Miriam was waiting for them, as agreed, at eight-thirty in front of the regional airport near Szczytno-Szymany. It was the only airport in the region of Warmia-Masuria, and its days were numbered anyway. The flight in the surprisingly comfortable Cessna CE-500 Citation had taken just four hours, the passport control three minutes.

“Ah, Dr. Frankenstein.” Miriam offered her hand to Henning Kirchhoff after she had warmly hugged Pia. “Welcome to Poland.”

“You are really unforgiving,” said Henning, grinning. Miriam took off her sunglasses and scrutinized him; then she grinned, too.

“I have the memory of an elephant,” she told him, grabbing one of Kirchhoff’s bags. “Come with me. It’s about a hundred-kilometer drive to Doba.”

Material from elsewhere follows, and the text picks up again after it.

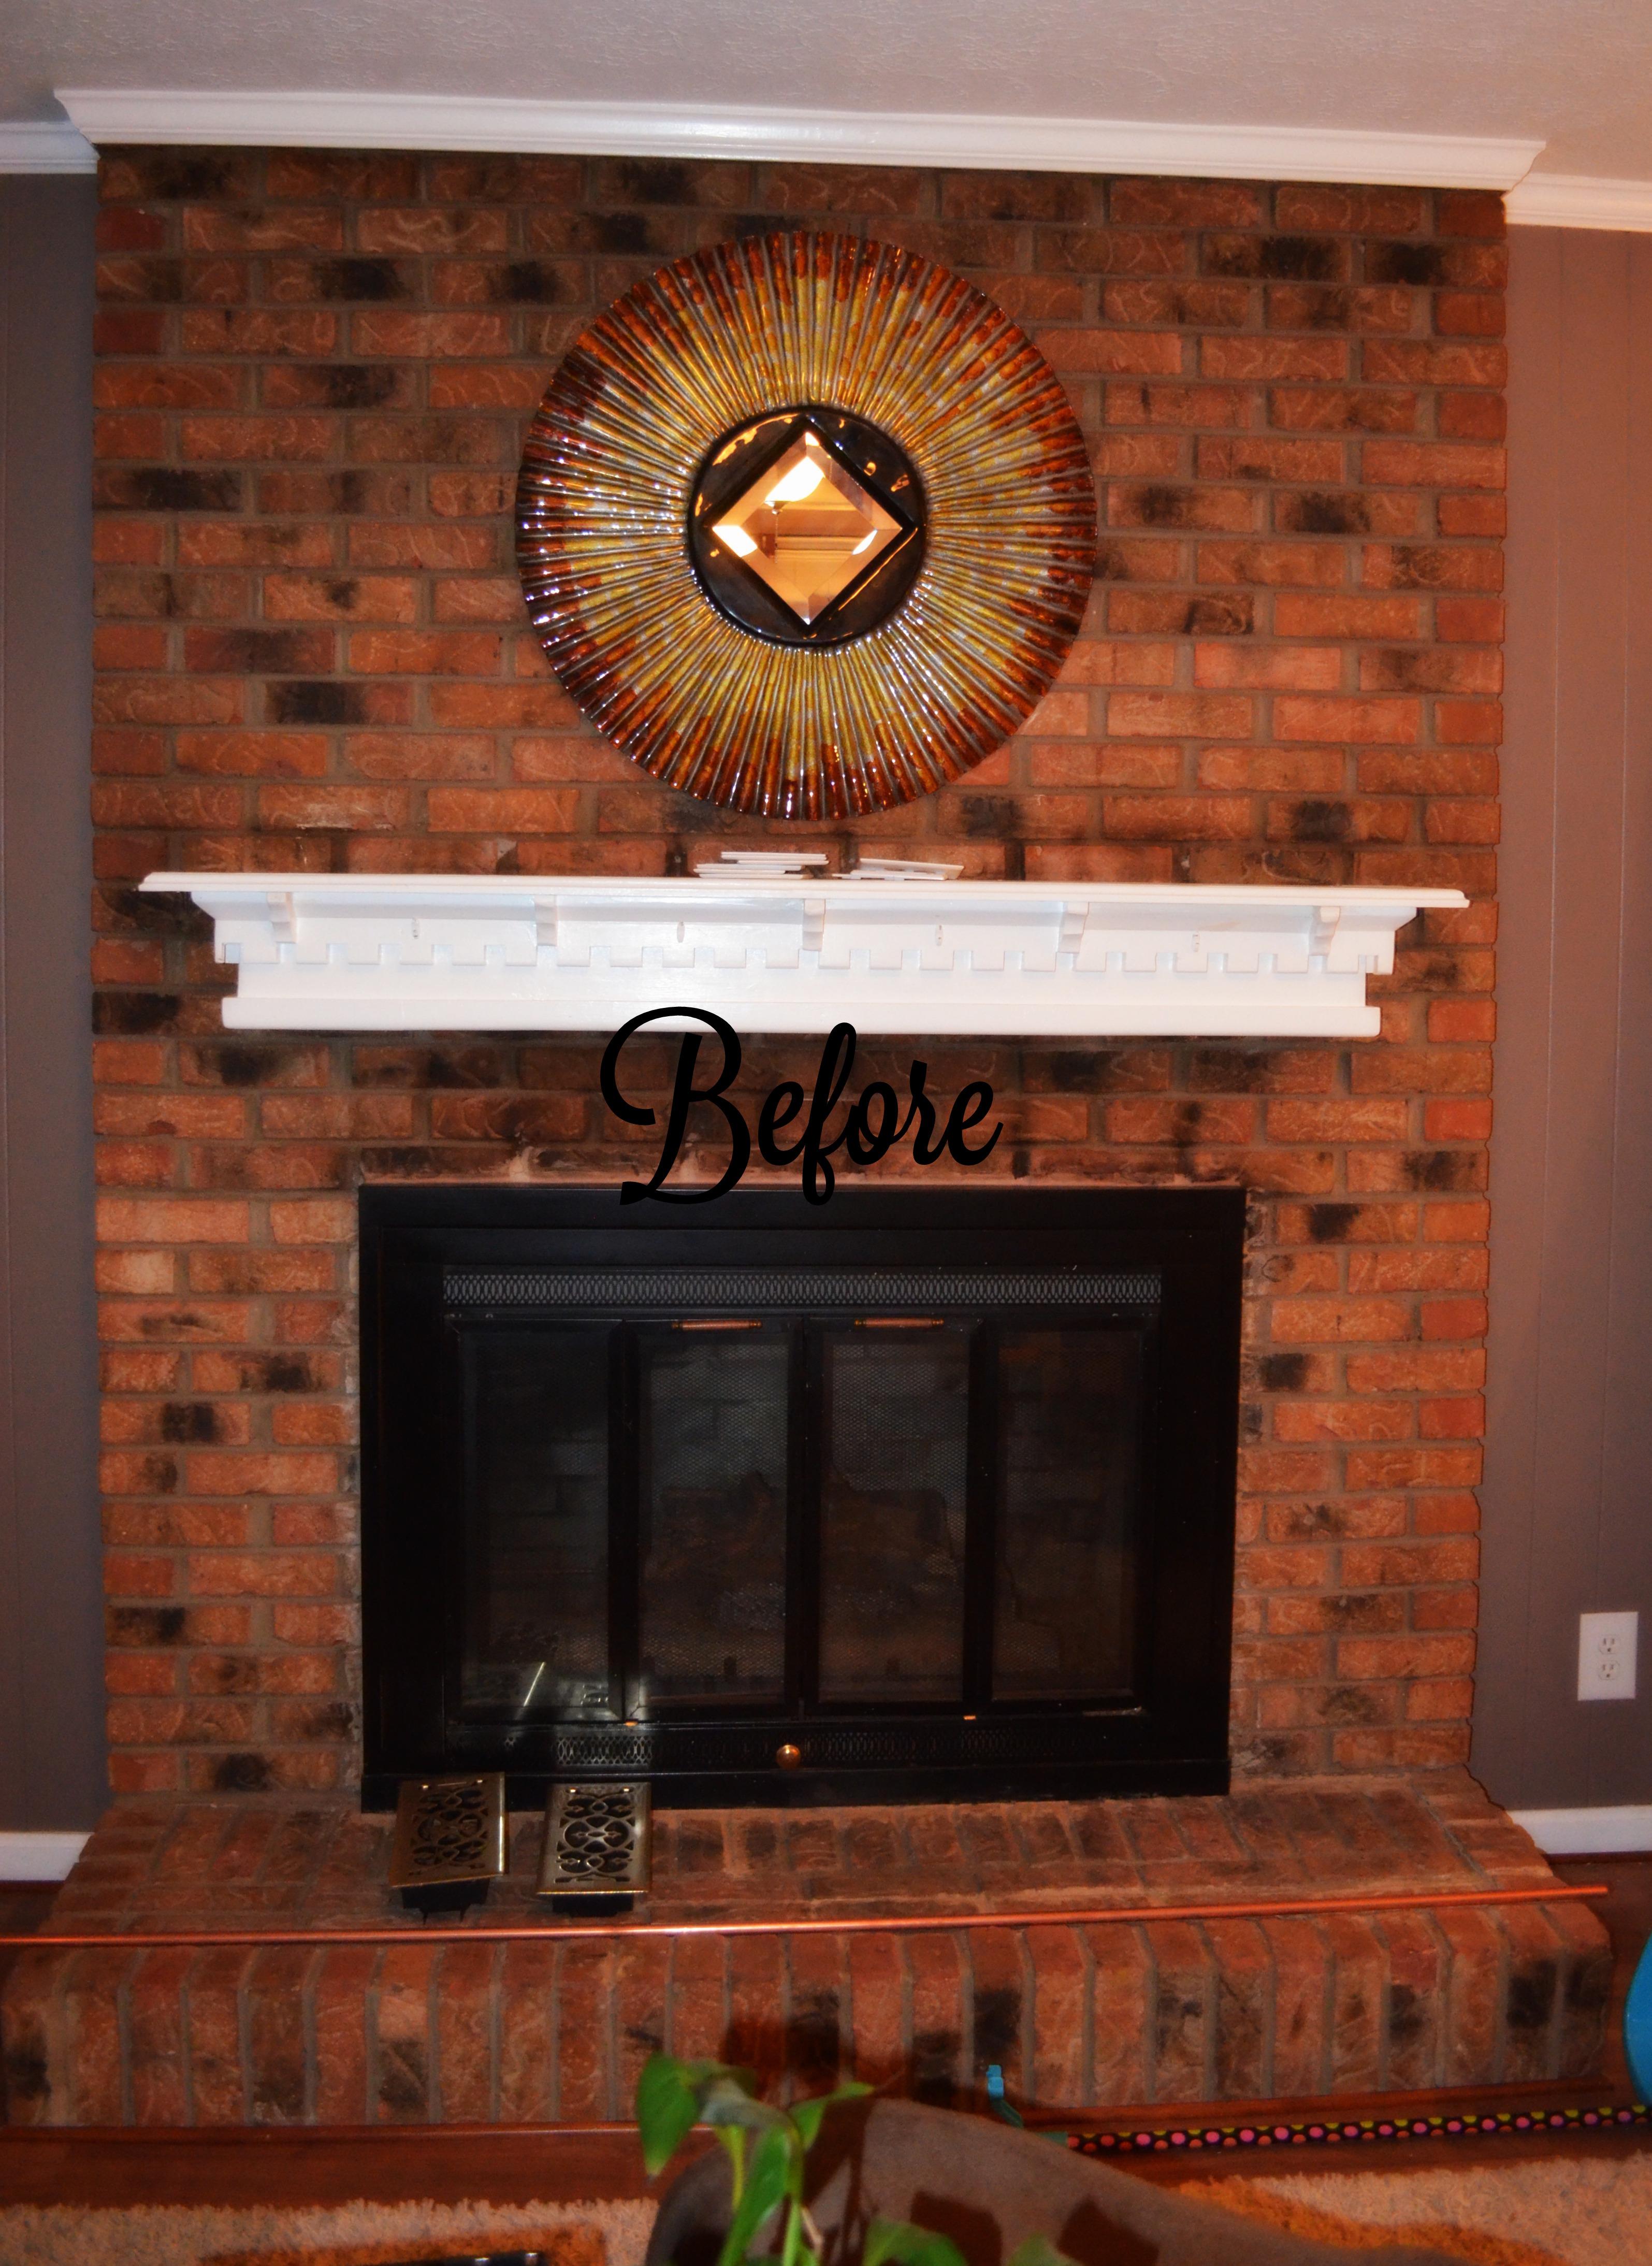 shabby paints - chalk-acrylic painted fireplace brick

In a rented Ford Focus, they buzzed along the highways, heading northeast into the heart of Masuria. Miriam and Henning talked about the castle ruins and speculated about whether the cellar would even be accessible after sixty-plus years of neglect. Pia sat in the backseat, listening with one ear and staring silently out the window. She had no connection to this countryside and its tumultuous and unhappy past. For her, East Prussia had been merely an abstract concept, nothing more than a recurrent theme of TV documentaries and theatrical films. Her family had never had to flee or suffer expulsion. Looking out the windows in the misty light of morning, she saw hills, woods, and fields flitting by, while cottony swaths of fog still hovered over the many large and small lakes. The haze only gradually dissolved under the warm rays of the May sun.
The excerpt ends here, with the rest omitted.